▶ _Prompt_:
Each line below is to be repeated exactly; any picture is to be left out.
Top of Available data
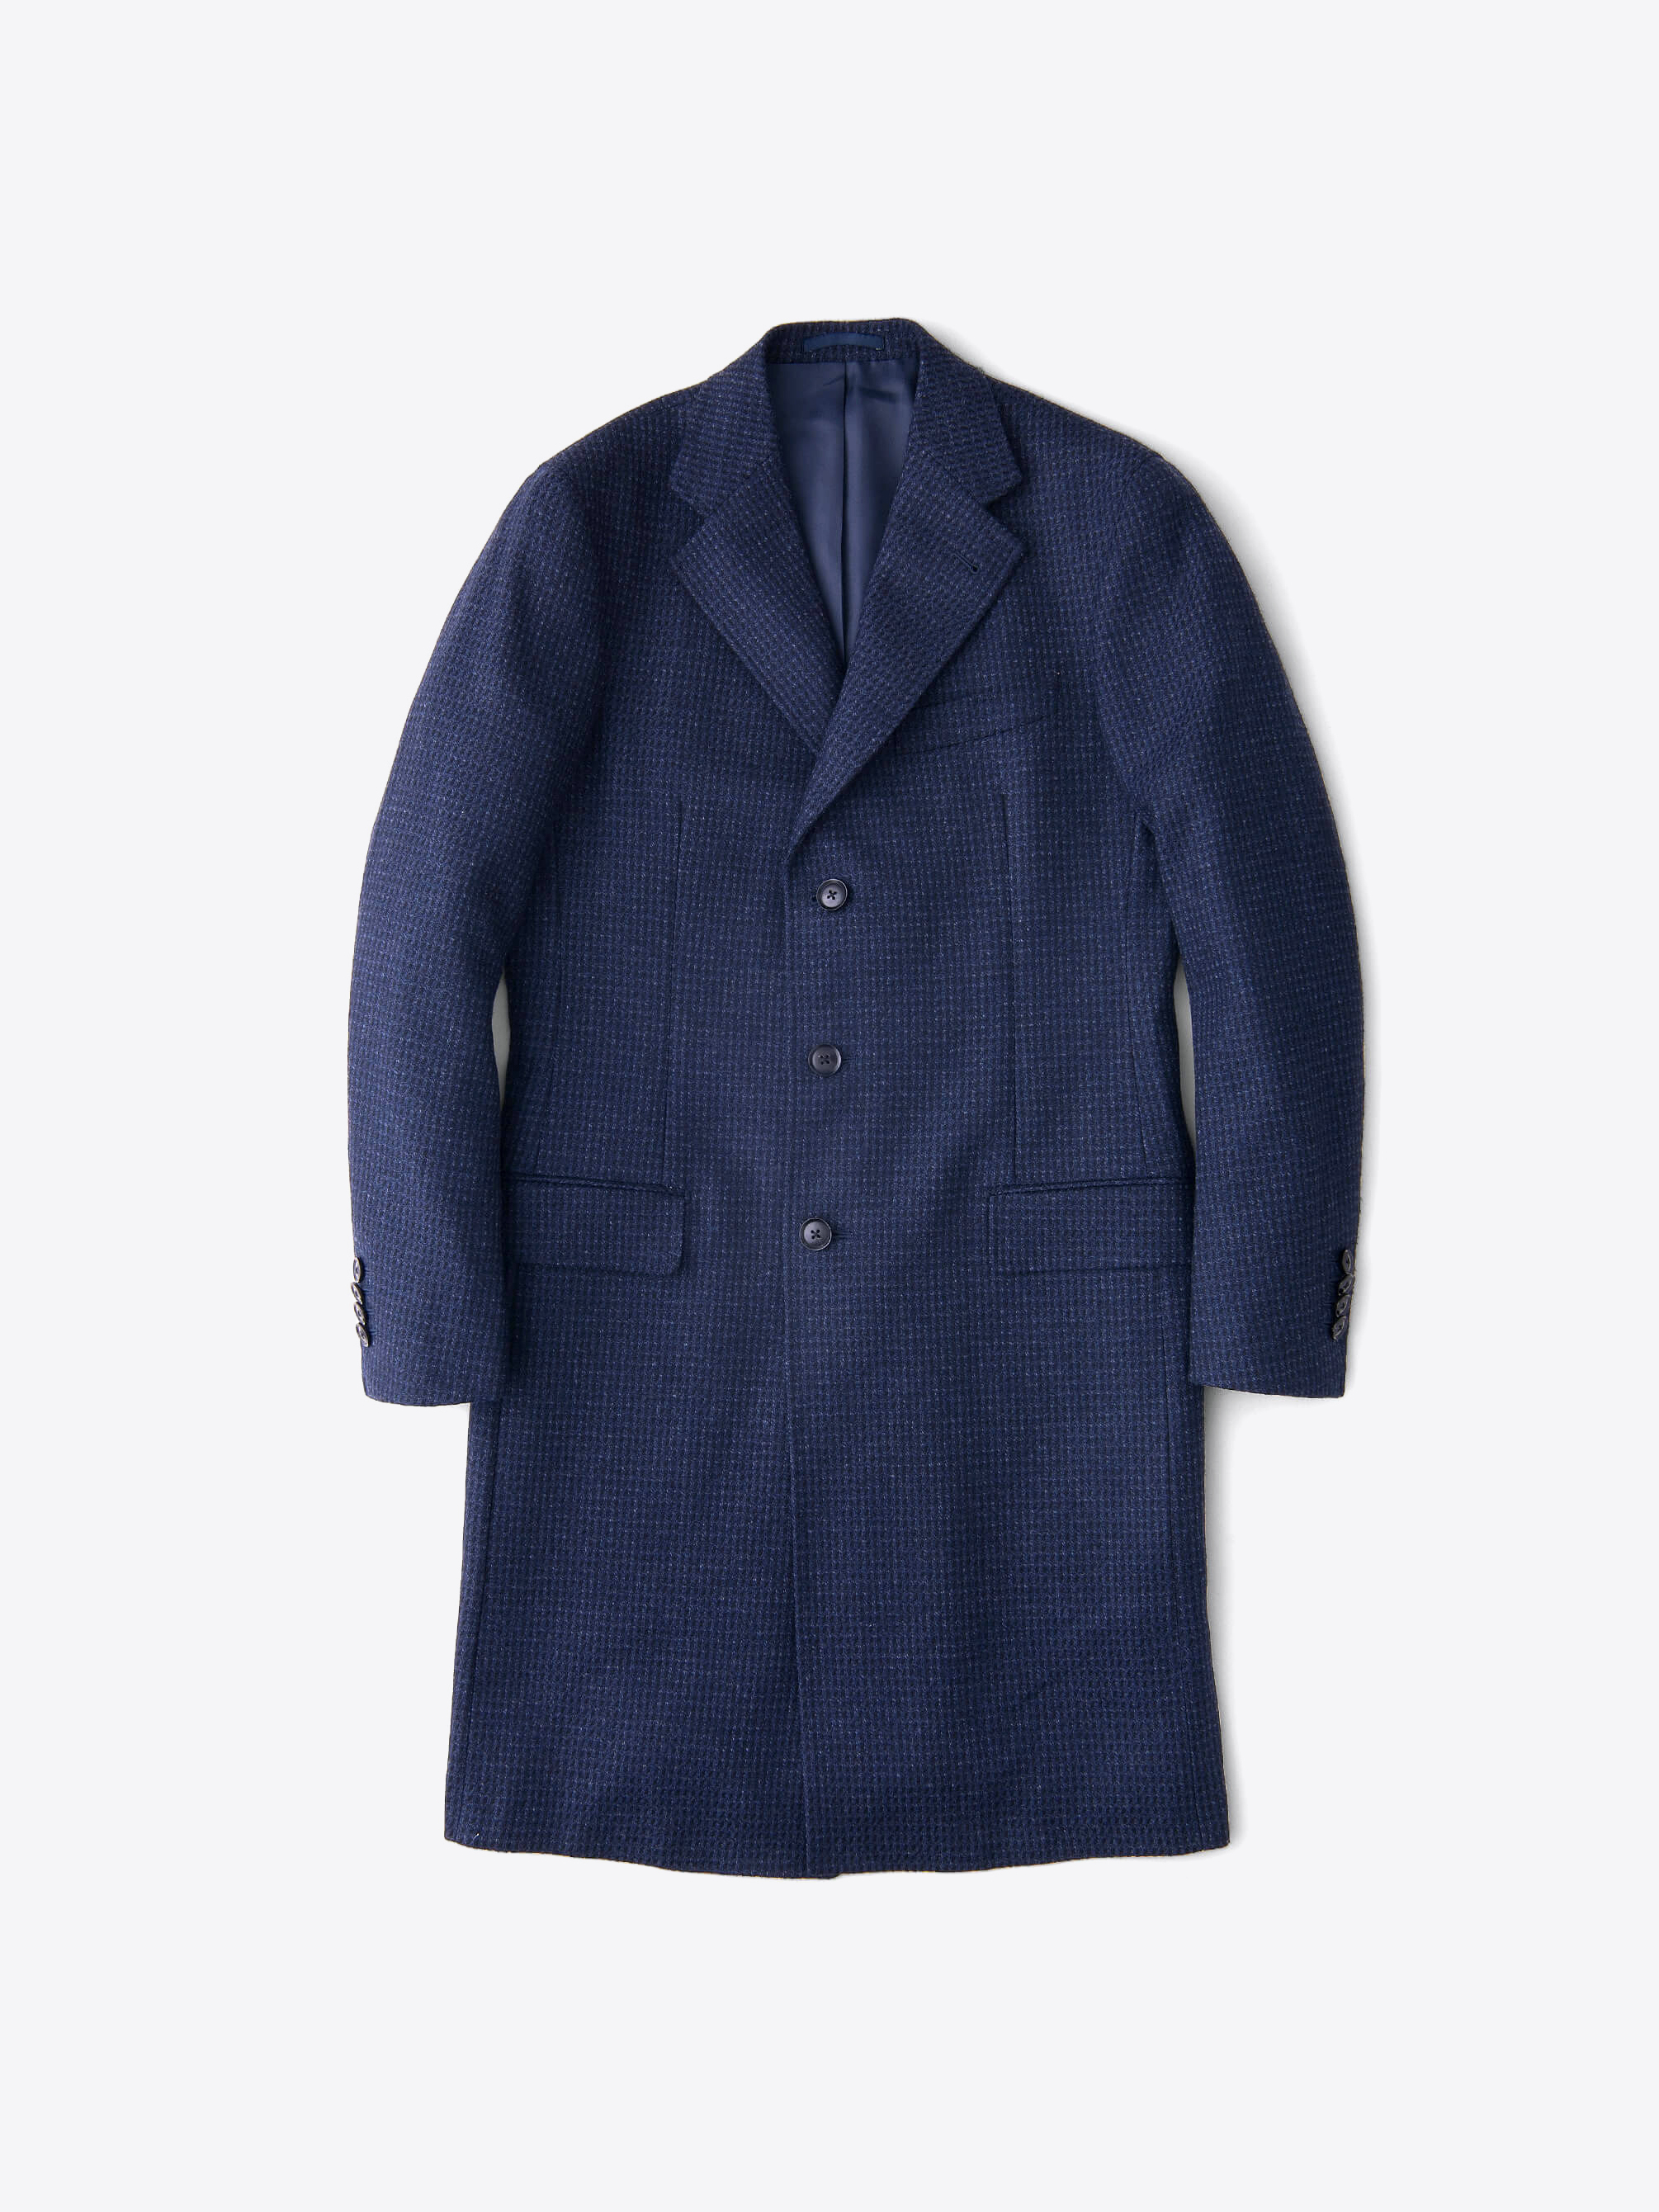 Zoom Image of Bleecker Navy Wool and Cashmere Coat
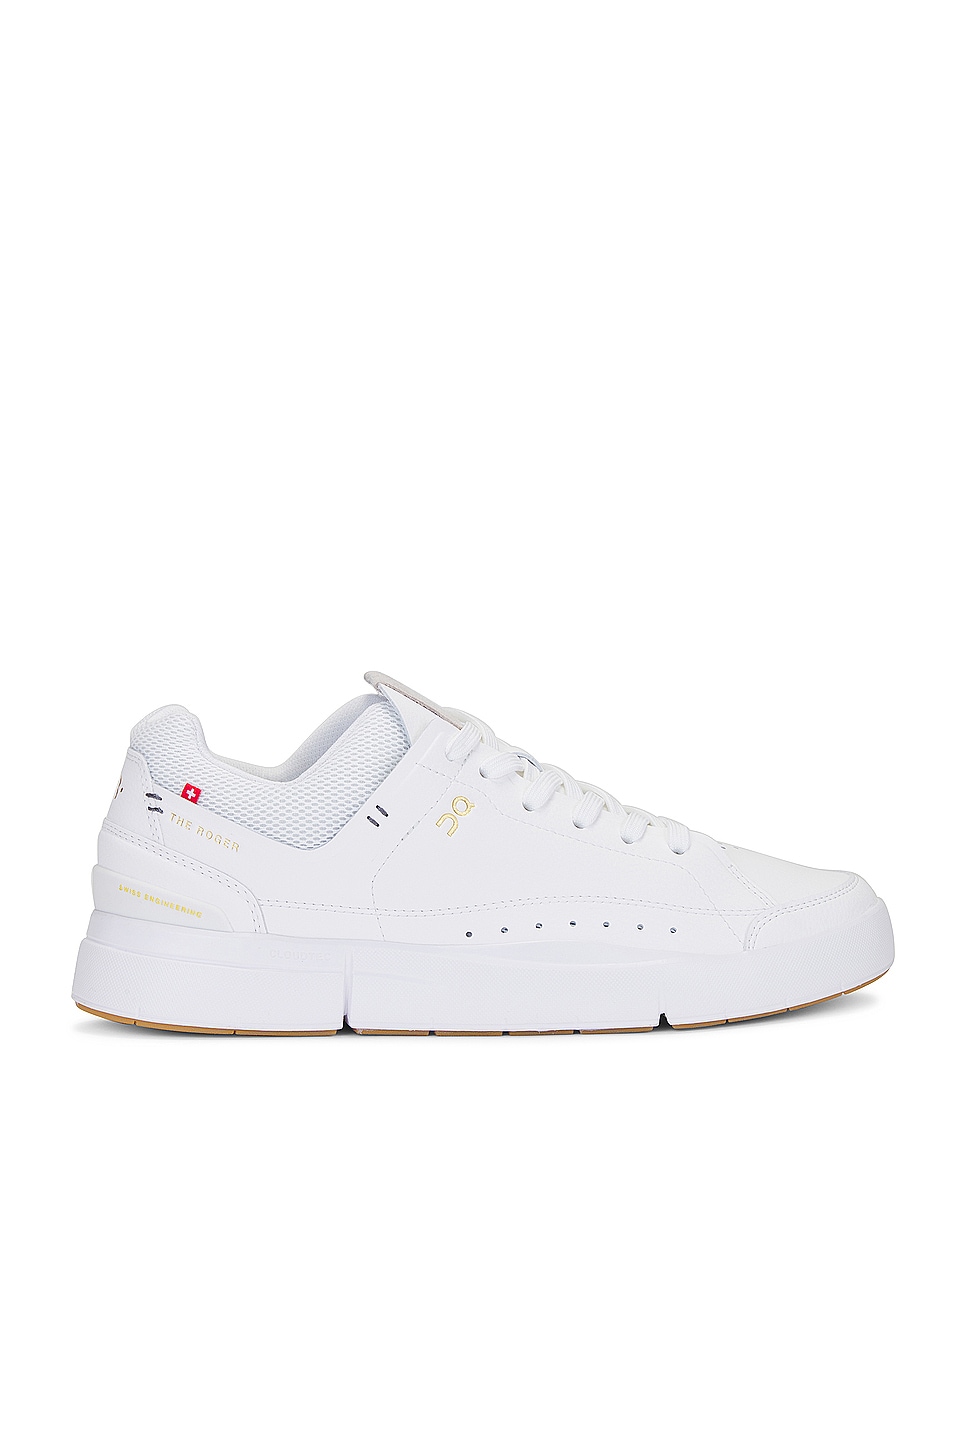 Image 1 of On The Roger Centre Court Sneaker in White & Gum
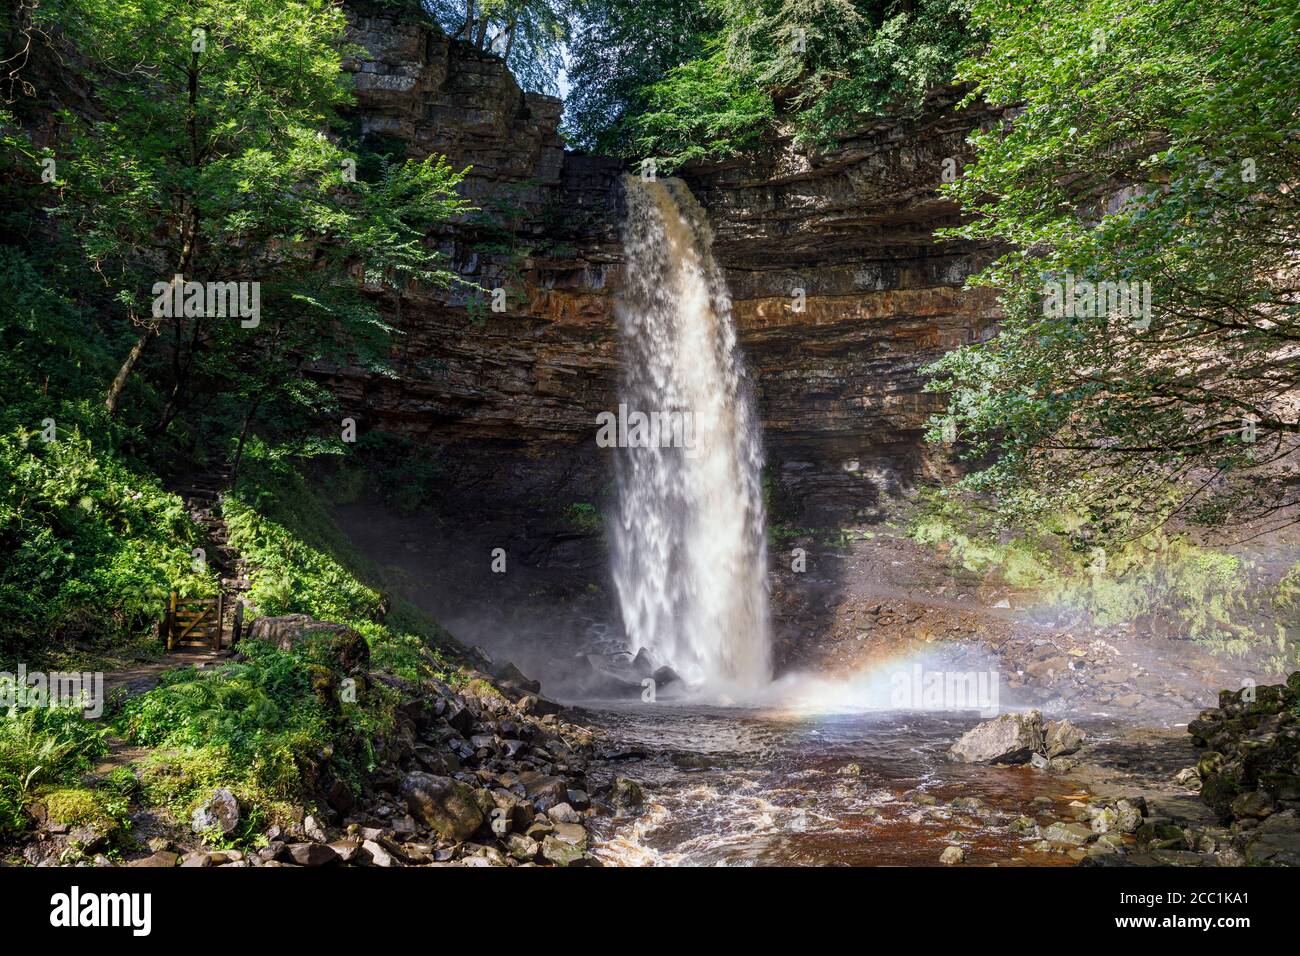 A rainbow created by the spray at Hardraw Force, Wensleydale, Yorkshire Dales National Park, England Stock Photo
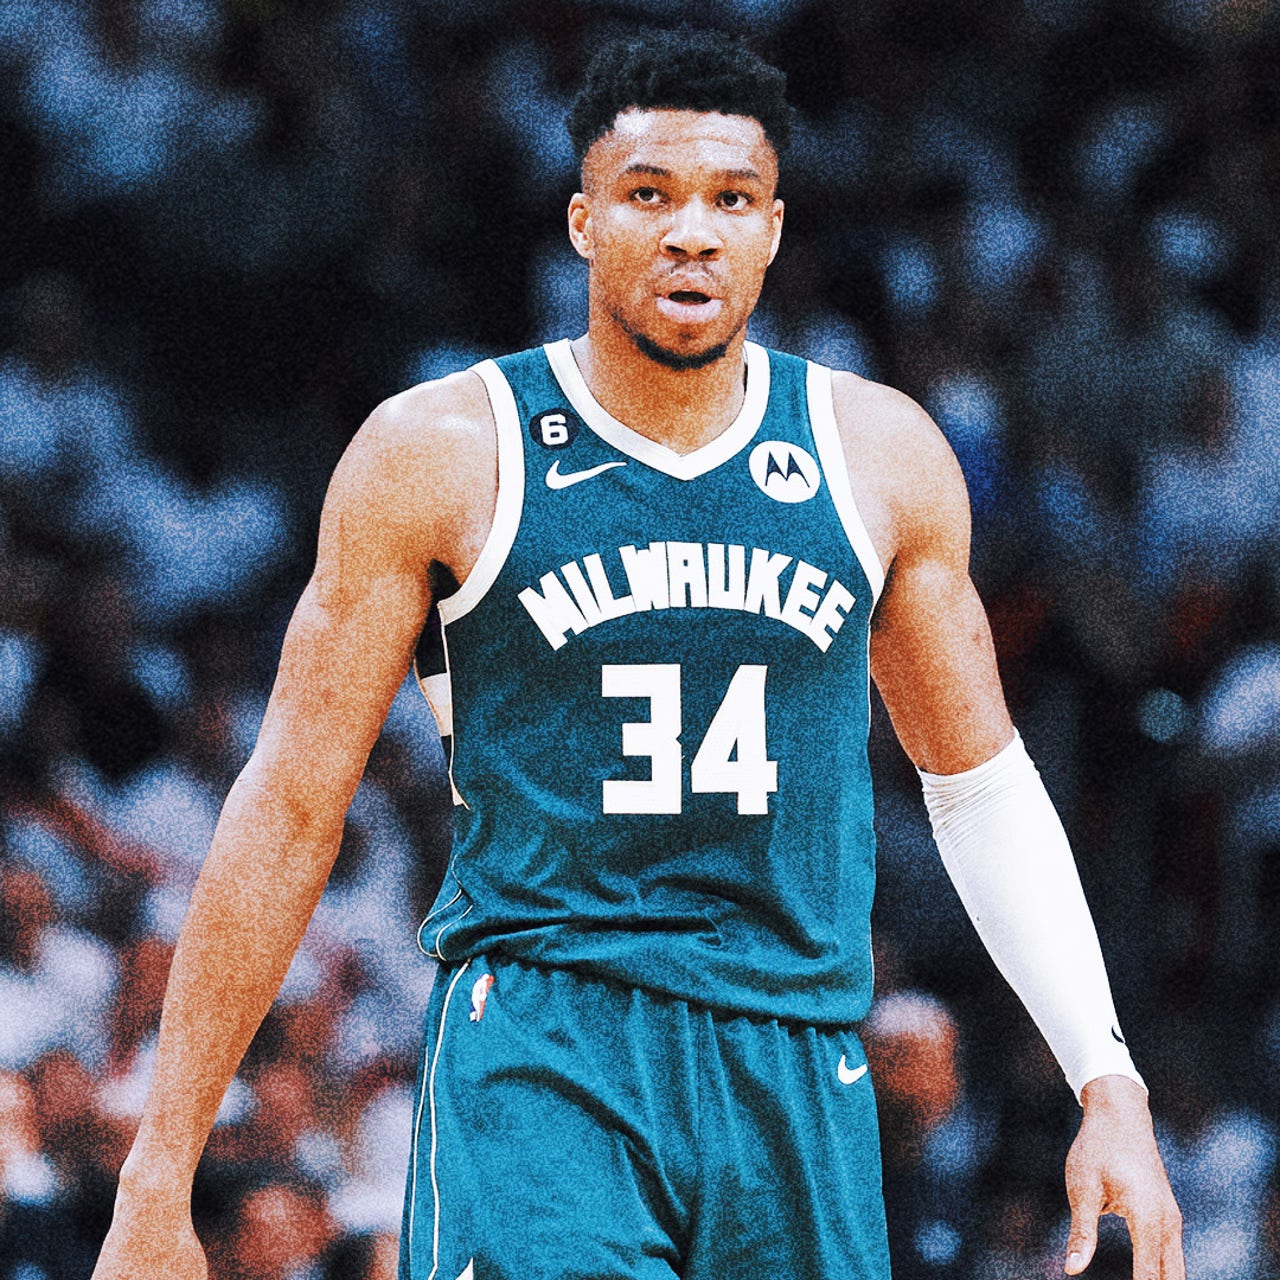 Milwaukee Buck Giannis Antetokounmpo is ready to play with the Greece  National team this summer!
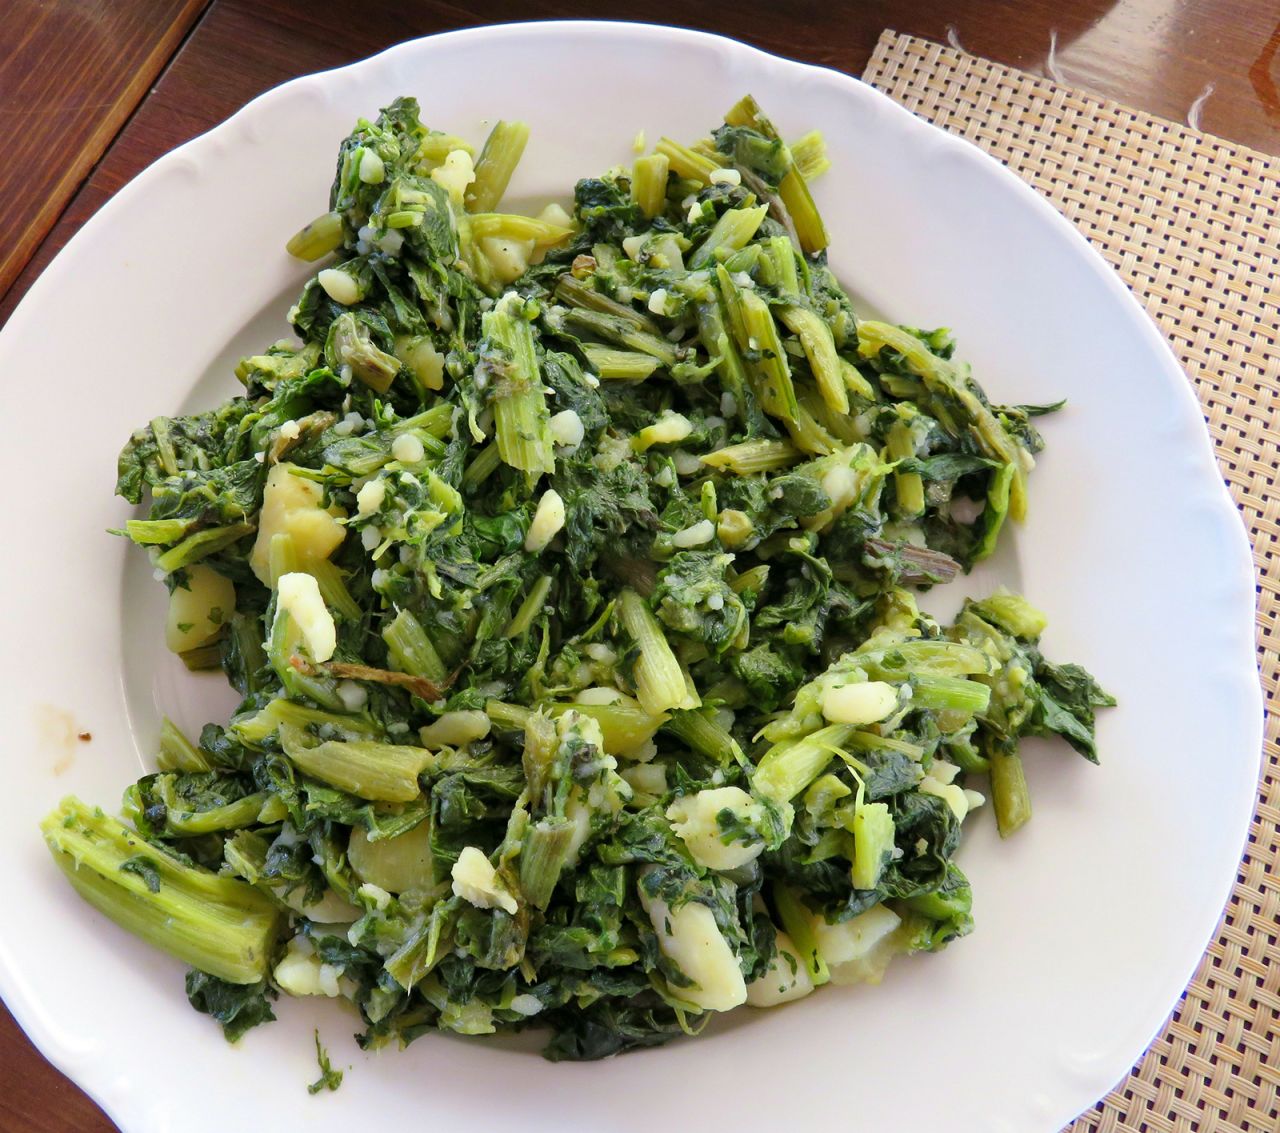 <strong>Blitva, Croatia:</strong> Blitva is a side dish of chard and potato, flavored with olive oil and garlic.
Bottom of Available data
▶ _The answer_:
 Zoom Image of Bleecker Navy Wool and Cashmere Coat
 Image 1 of On The Roger Centre Court Sneaker in White & Gum
 A rainbow created by the spray at Hardraw Force, Wensleydale, Yorkshire Dales National Park, England Stock Photo
 Milwaukee Buck Giannis Antetokounmpo is ready to play with the Greece  National team this summer!
 <strong>Blitva, Croatia:</strong> Blitva is a side dish of chard and potato, flavored with olive oil and garlic.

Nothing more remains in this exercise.